However the visitSummary_schema dataset definitely exists within the u/NH/visitSummary/20240626T195758Z collection. If anyone has any ideas on how to solve the issue I would really appreciate the help! For reference, I am running V26 of the software.

sfu · June 29, 2024, 1:30am

Hi, perhaps you can take a look at Lee’s notes. Those pipeline figures helped me understand how those tasks/data sets are connected. Merian Data Processing Using the LSST Science Pipelines - HackMD

rbliu · June 29, 2024, 4:52pm

Just a caveat about the Merian Survey Tutorial: there seems to be a missing updateVisitSummary in its step 2d – I had to add that task before running the following steps successfully.
The order of these tasks should be like:

Quanta            Tasks
------ ----------------------------
     2     finalizeCharacterization
     2           updateVisitSummary
    18 writeRecalibratedSourceTable
    18         transformSourceTable
     2       consolidateSourceTable

So, I guess you could try to rerun these tasks and make sure that updateVisitSummary looks good. For the visitSummary_schema error, I also have no idea.
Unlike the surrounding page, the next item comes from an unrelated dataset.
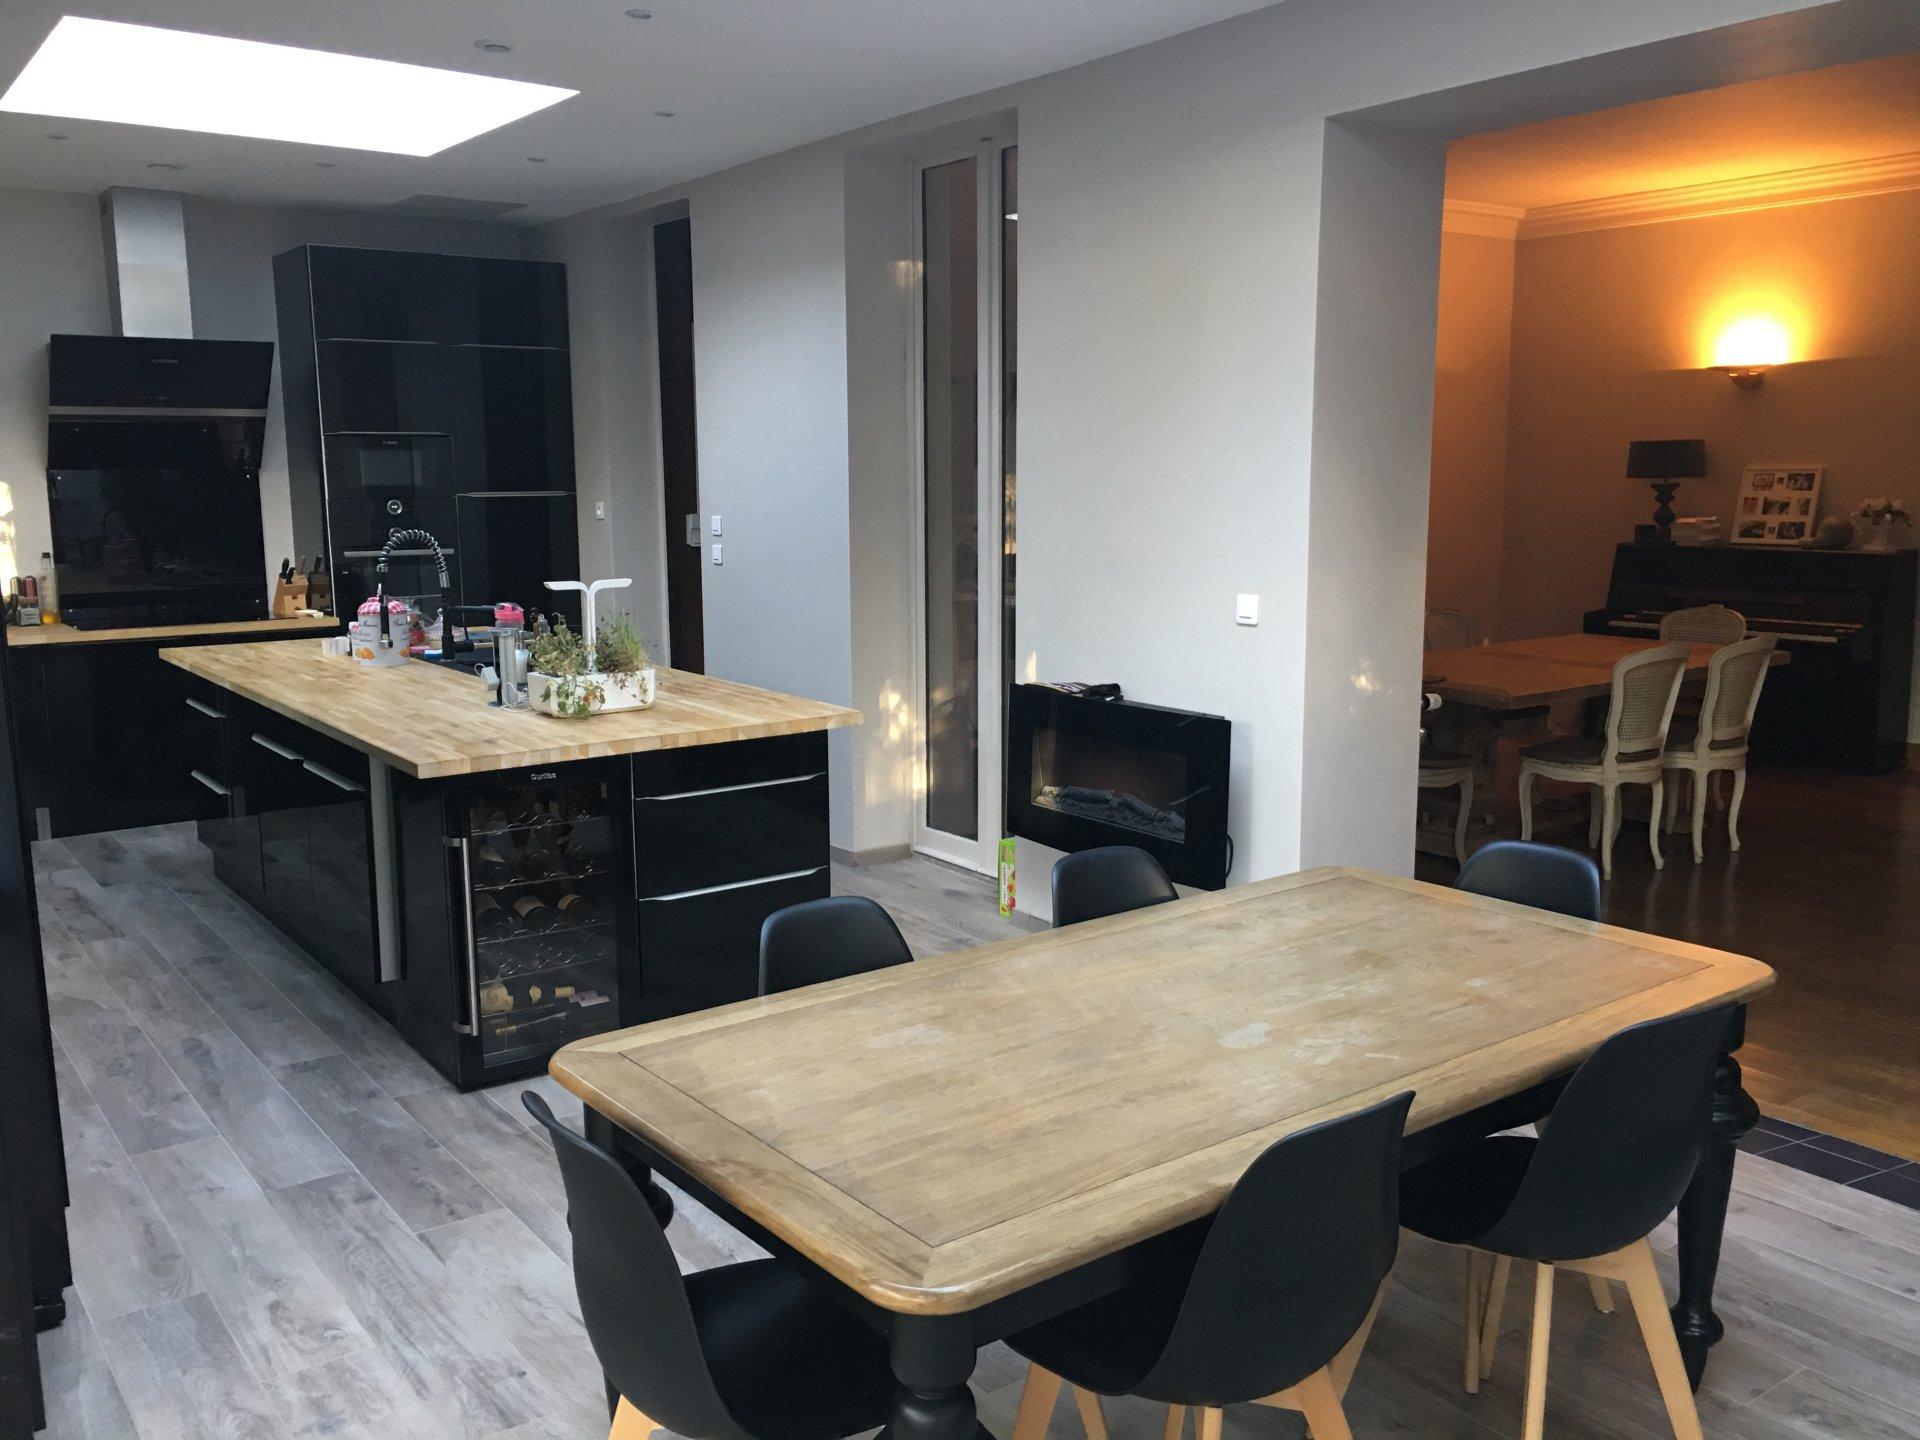 Kitchen island, skylight, kitchen bar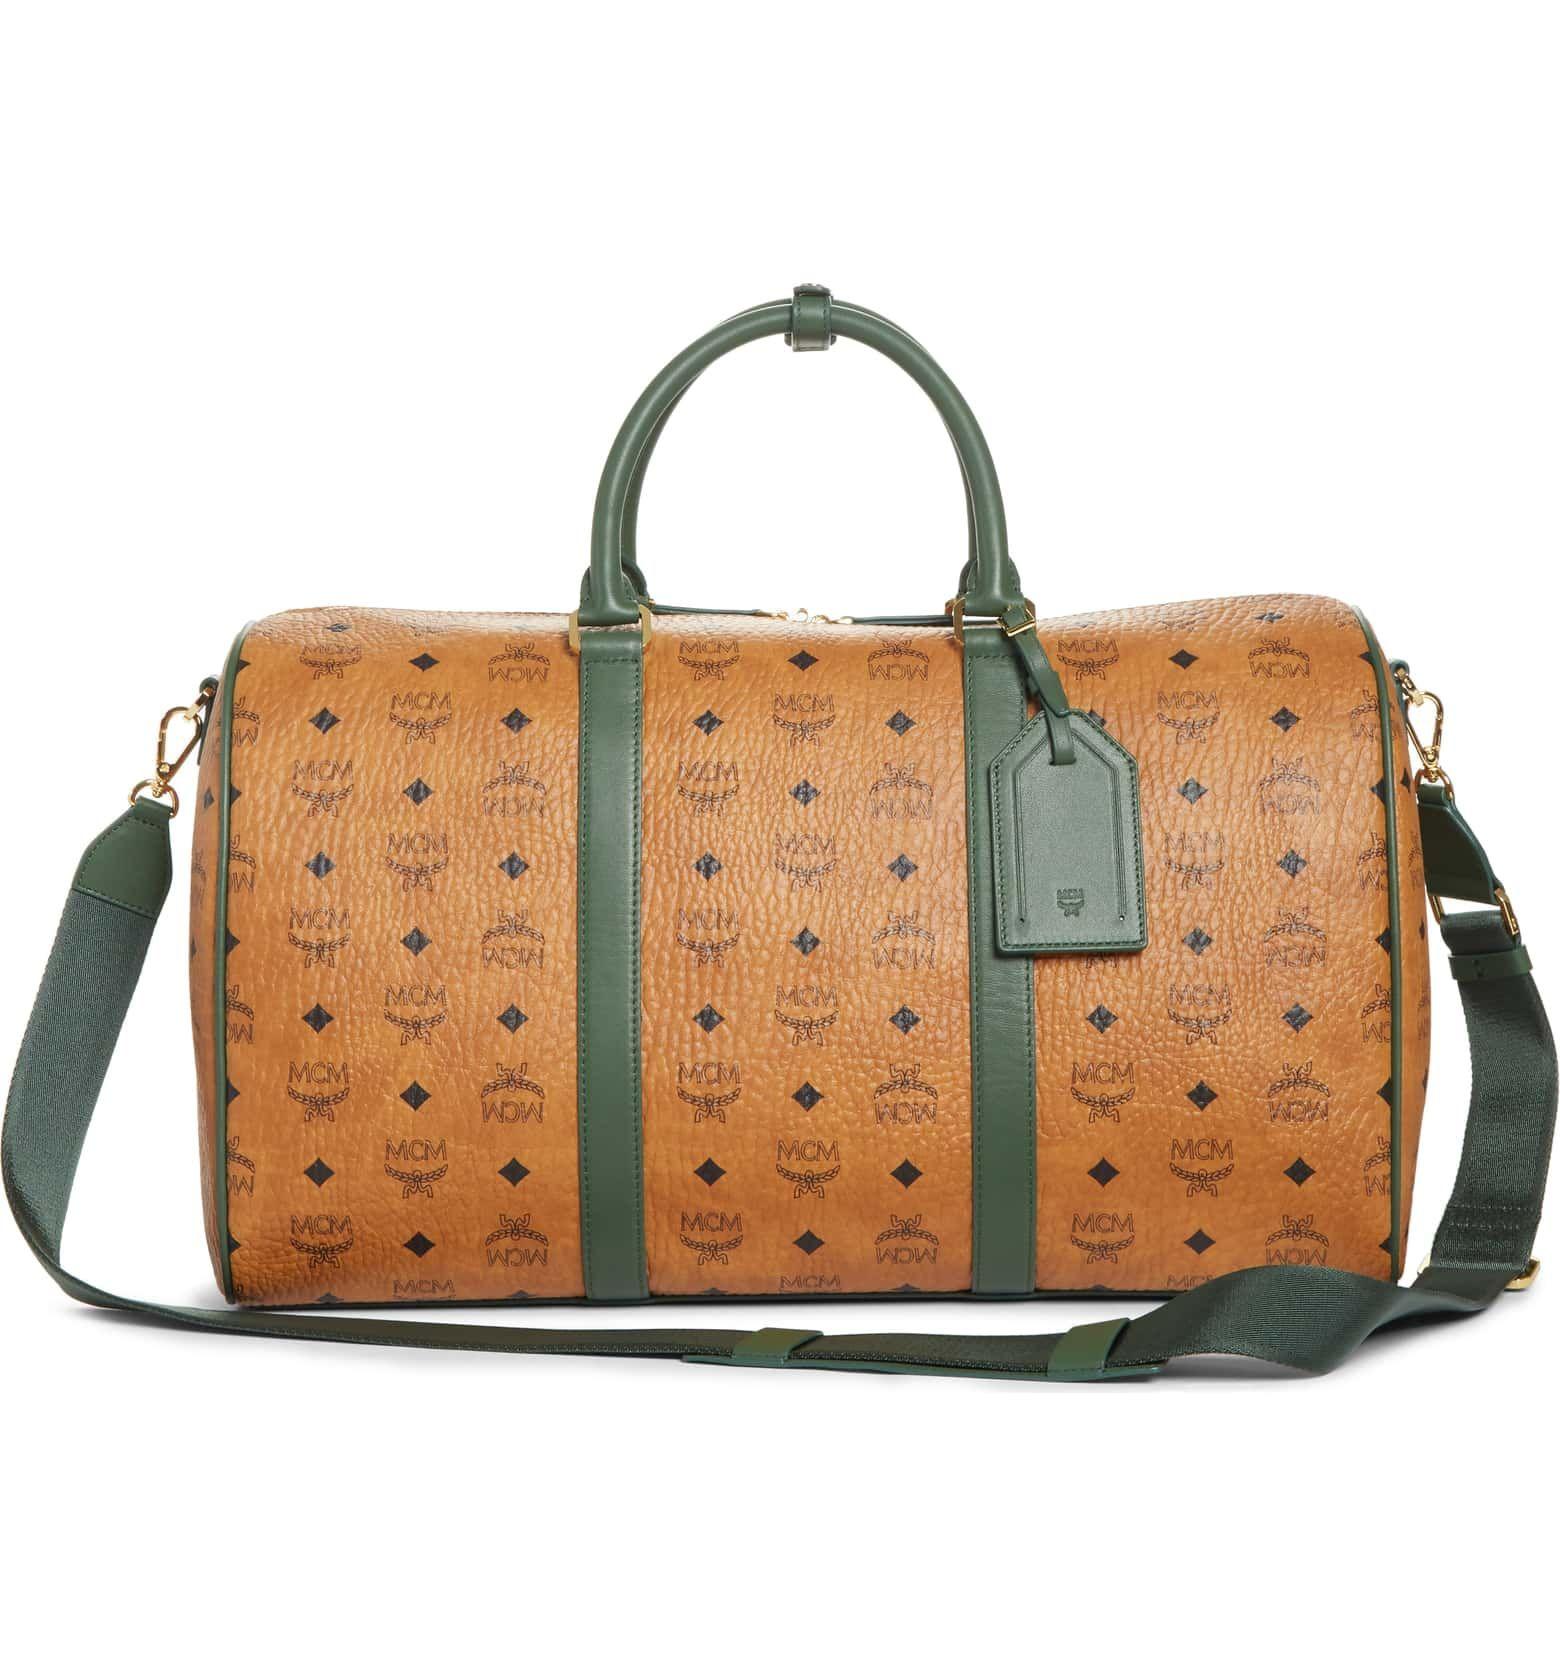 2efb5e710 #MCM Visetos Weekend Medium Bag in cognac and safari green | Patterned in  MCM's signature Visetos print, this striking duffel is cut with a sleek, ...

I got everything worked after adding the configs to the pipeline yaml file.

tasks:
  updateVisitSummary:
    class: lsst.drp.tasks.update_visit_summary.UpdateVisitSummaryTask
    config:
      wcs_provider: "input_summary"
      photo_calib_provider: "input_summary"
      background_provider: "input_summary"

galaxyumi331 · July 1, 2024, 5:39pm

Hi @ess20clsi,

Have you had a chance to try suggestions by @sfu and @rbliu to see if these resolve your problem?

ess20clsi · July 4, 2024, 7:17pm

Hi all,

Sorry for taking so long to get back to this. Based on the quantum graphs in Merian Data Processing Using the LSST Science Pipelines - HackMD and from @rbliu’s response, I tried adding the finalizeCharacterization task to my pipeline, as it looks like that output dataset is needed to run updateVisitSummary. Unfortunately now I get the following:

RuntimeError: 1 dataset(s) of type 'src_schema' was/were present in a previous query, but could not be found now. This is either a logic bug in QuantumGraph generation or the input collections have been modified since QuantumGraph generation began.

Does anyone have any other ideas?

kfindeisen · July 10, 2024, 9:50pm

Sorry for not seeing this sooner.

First, note that RFC-1018 deprecates ApTemplate in favor of the DRP pipelines, so you may wish to use those to make your templates. Most of the above discussion is about the DRP pipelines anyway, and does not apply to ApTemplate (which was written using different assumptions about what processing is needed).

If you do wish to continue with ApTemplate, the original bug you reported was fixed in w_2023_38, so I recommend using that version or a later weekly (it’s not fixed in 26.0.2, and release 27 is not quite ready yet).

If you can’t switch to a newer version, you might be able to patch your pipeline by setting makeWarp.config.doApplyFinalizedPsf to False. But there have been a lot of changes to the pipeline since release 26, so I can’t promise that that’s the only change needed.

ess20clsi · July 12, 2024, 6:33pm

Thank you @kfindeisen, that is very helpful. I don’t need to continue with APTemplate, in fact it has been causing me other issues and so a different pipeline sounds perfect.

I am trying to do difference imaging on some HSC data and the ap pipeline seemed like the best way to do that, but is there a different/better way? I am very new to the LSST science pipeline, and have been struggling to figure out which tasks I should run in order to get a difference image. So you have any suggestions?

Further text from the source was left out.